* _Work required_: Transcribe all of the data exactly. Omit the pictures.

Provided data Start Marker

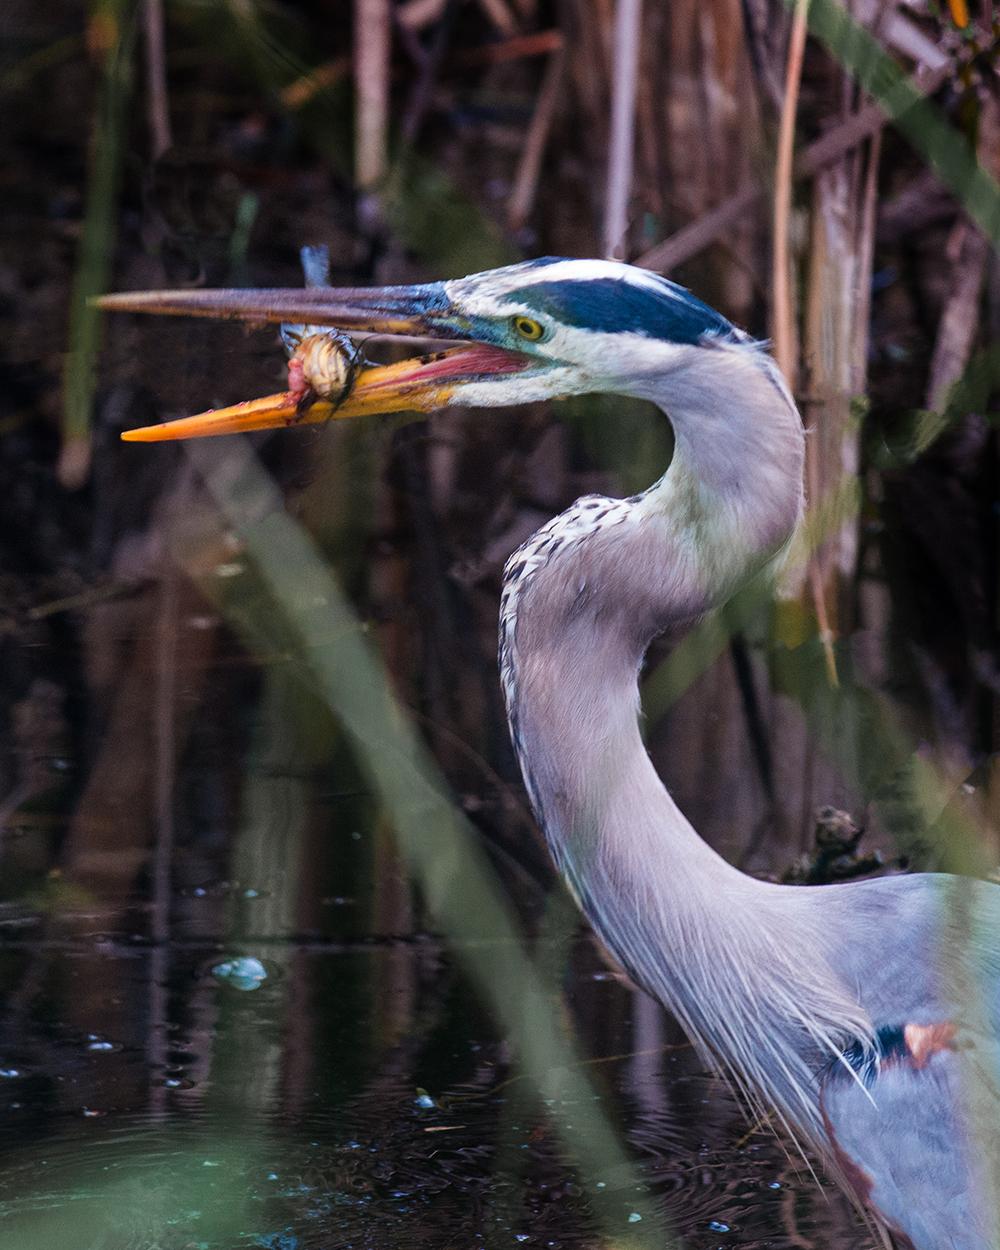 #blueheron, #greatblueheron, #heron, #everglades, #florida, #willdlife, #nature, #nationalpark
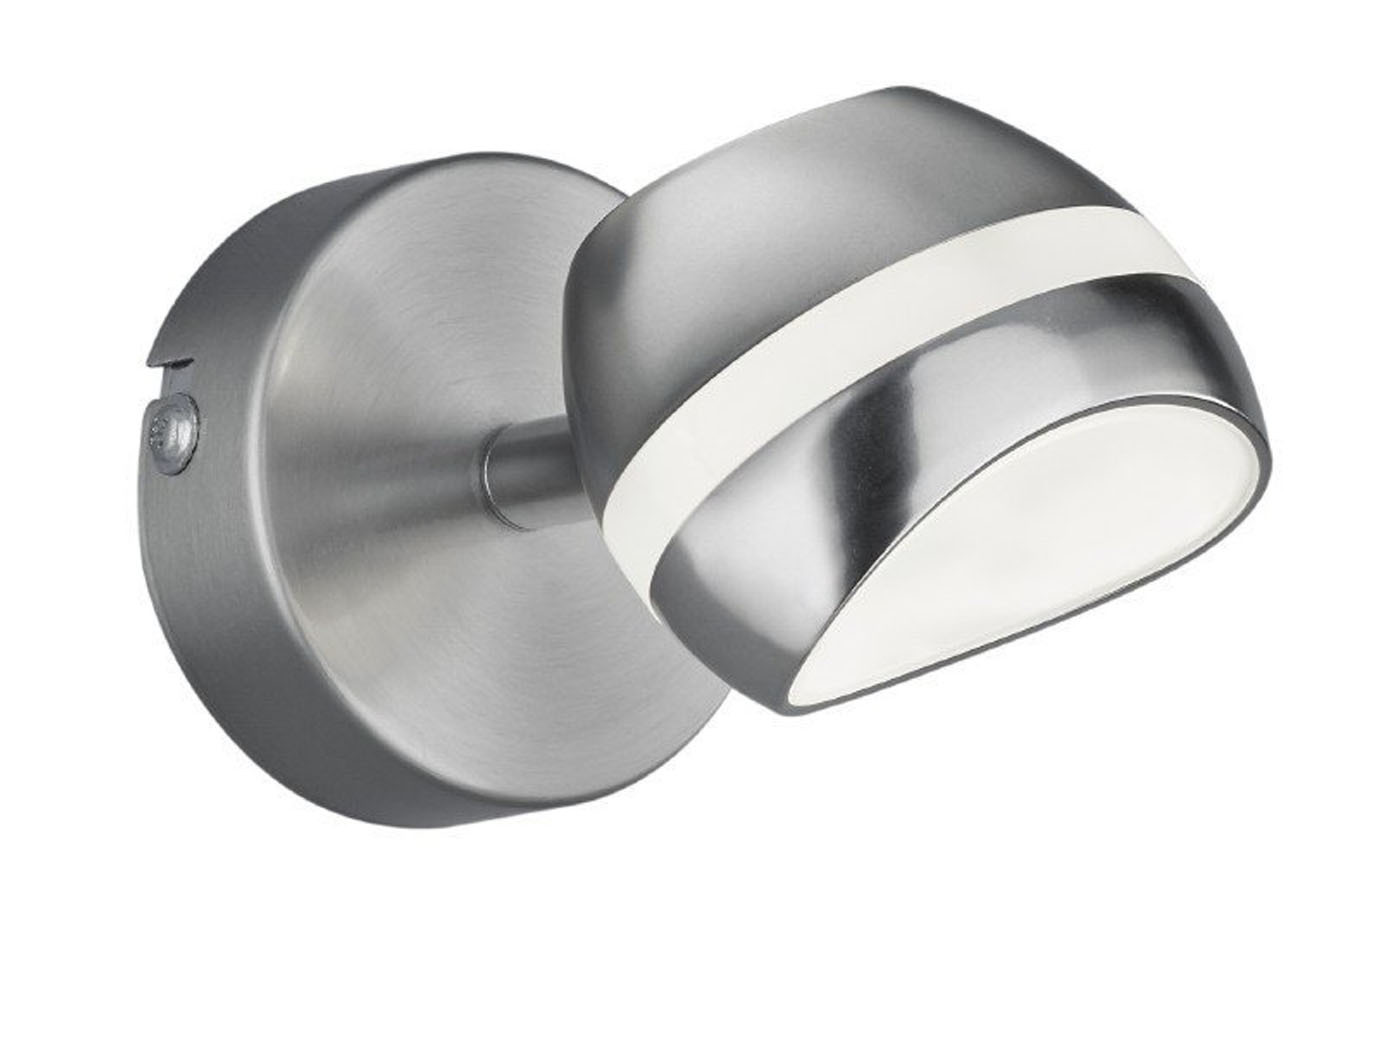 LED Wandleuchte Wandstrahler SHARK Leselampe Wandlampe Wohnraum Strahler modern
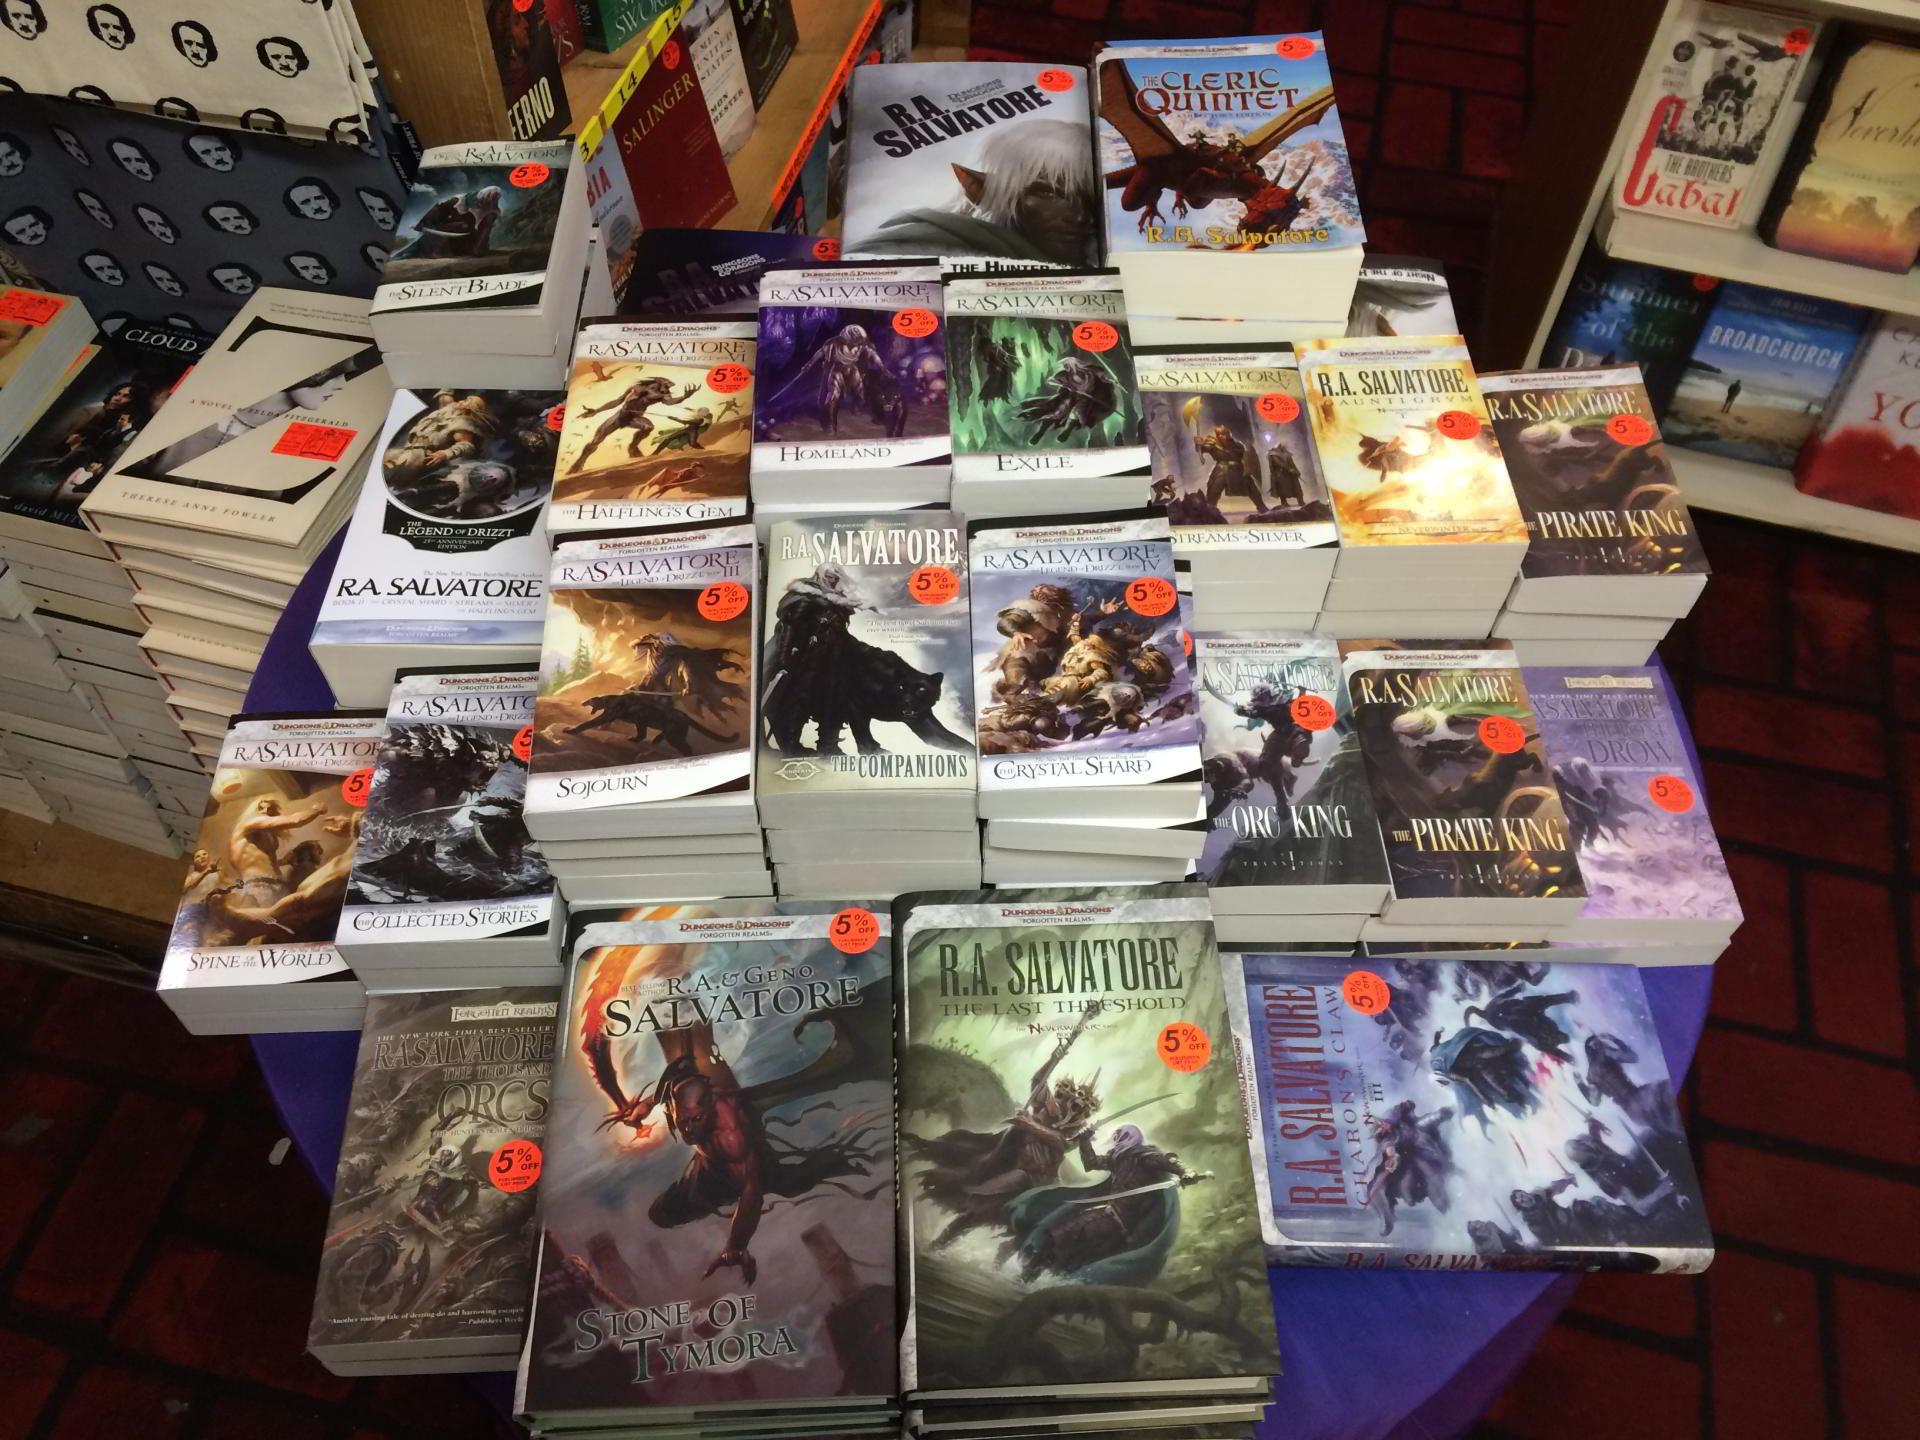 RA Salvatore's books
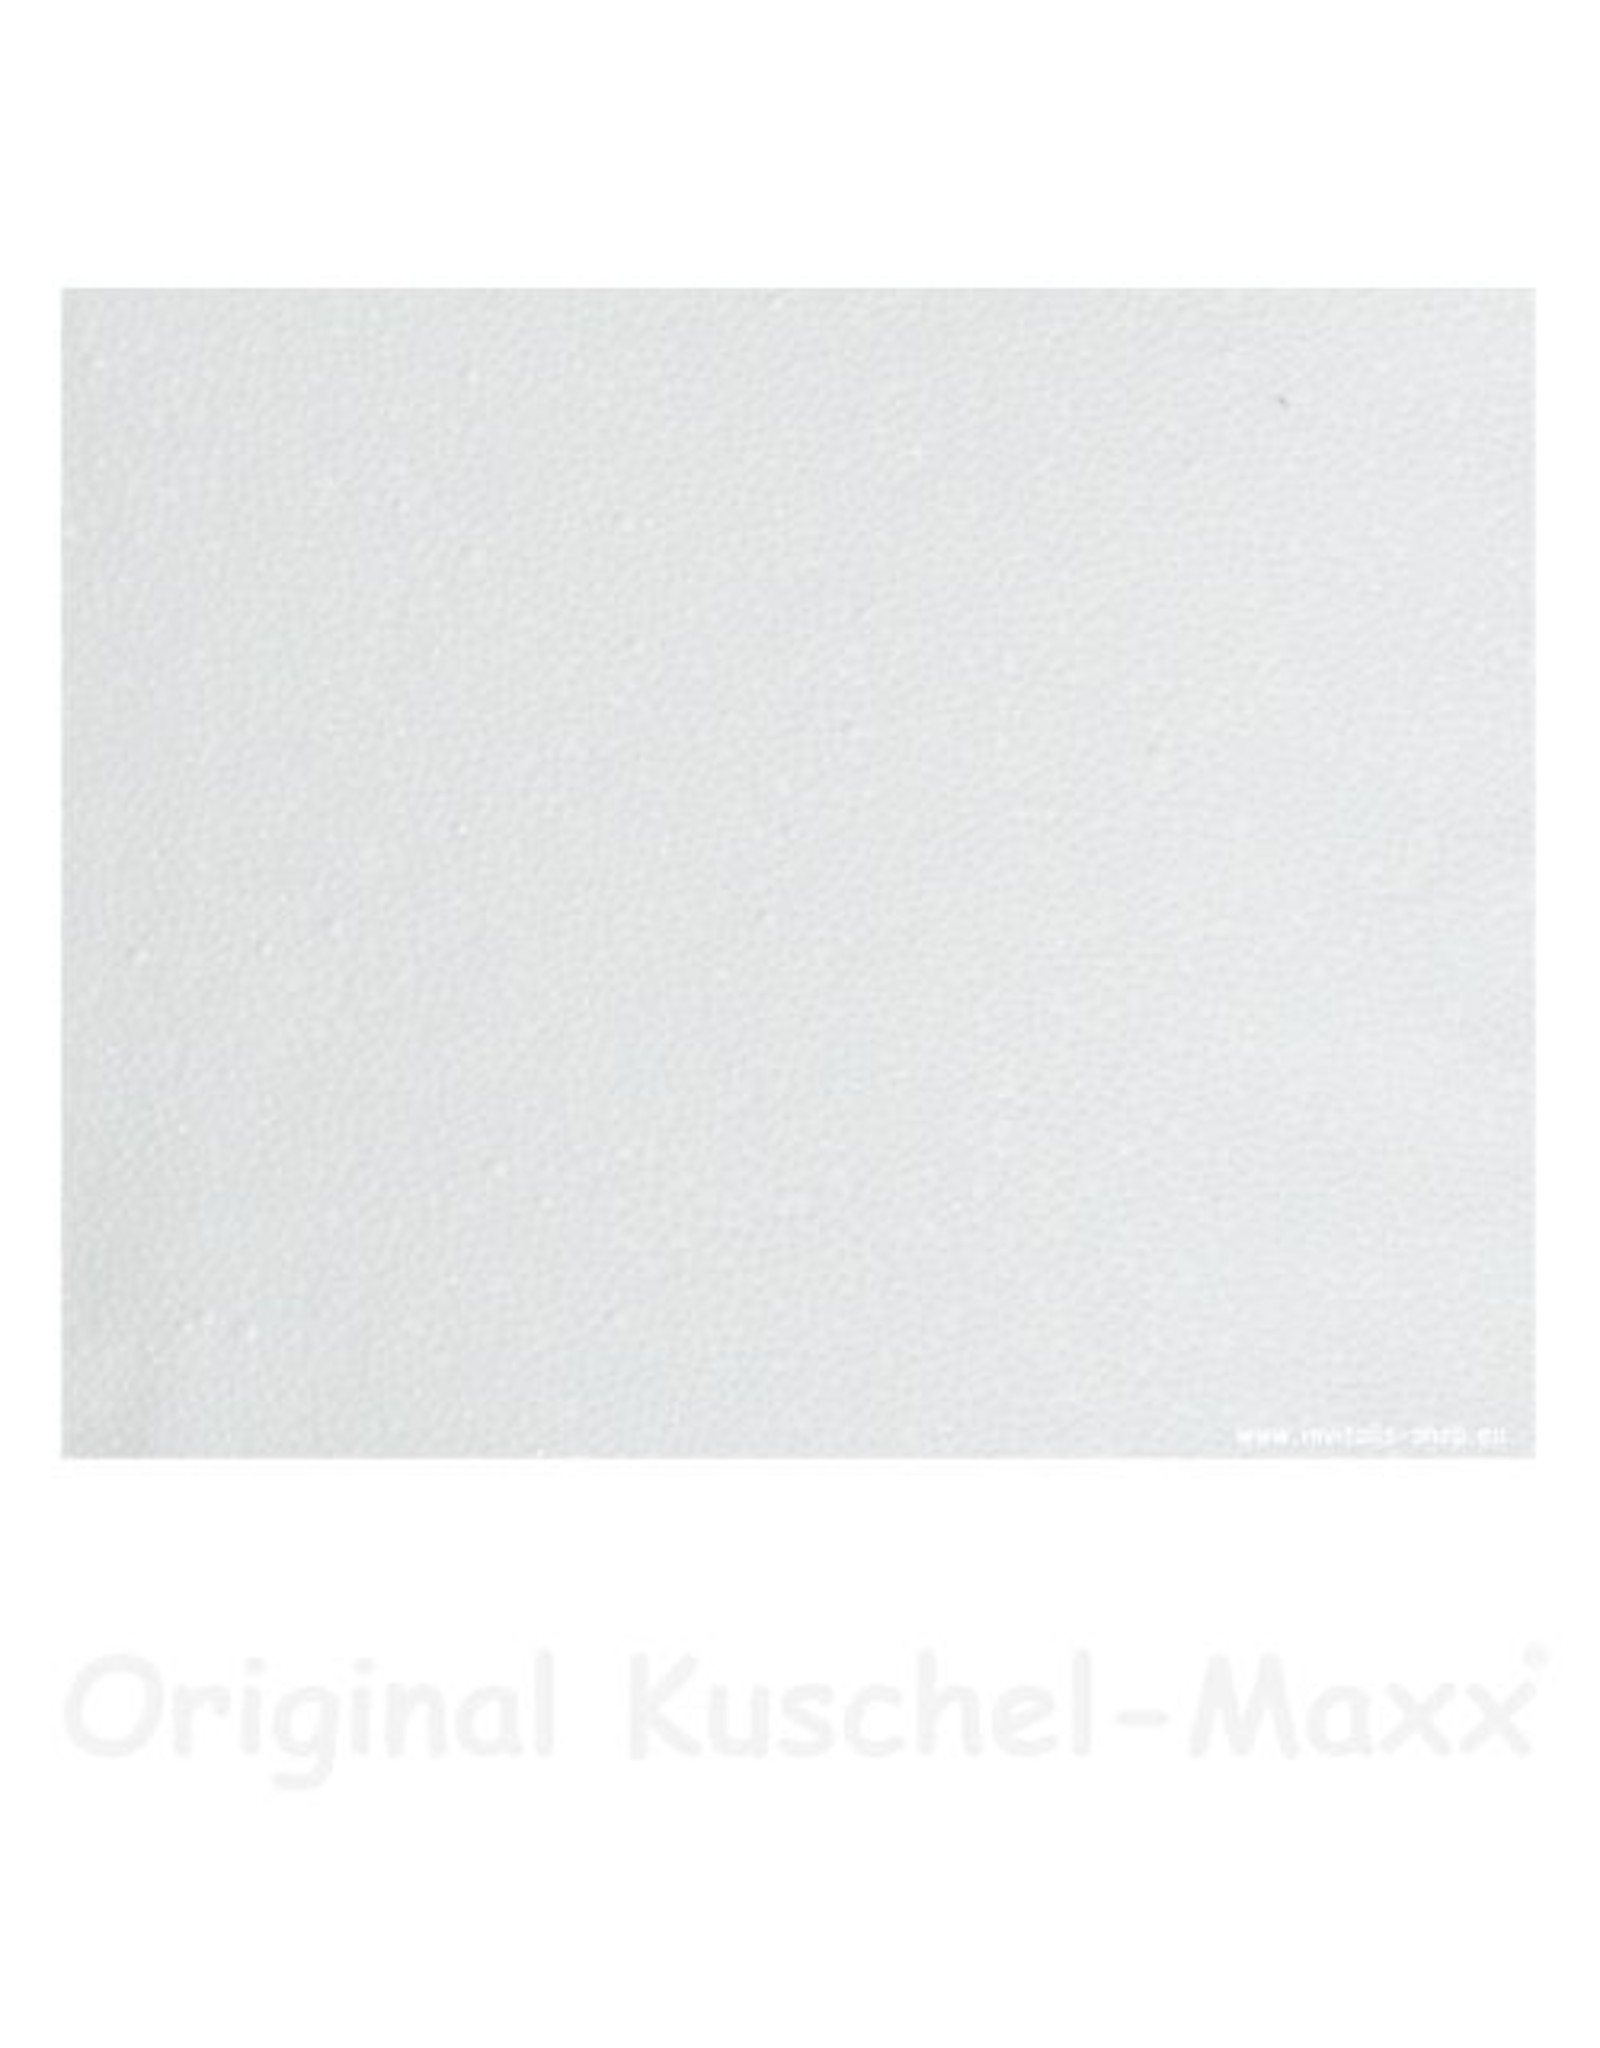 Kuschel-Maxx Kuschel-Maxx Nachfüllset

Provided data End Marker

* _Exercise result_:
 #blueheron, #greatblueheron, #heron, #everglades, #florida, #willdlife, #nature, #nationalpark
 LED Wandleuchte Wandstrahler SHARK Leselampe Wandlampe Wohnraum Strahler modern
 RA Salvatore's books
 Kuschel-Maxx Kuschel-Maxx Nachfüllset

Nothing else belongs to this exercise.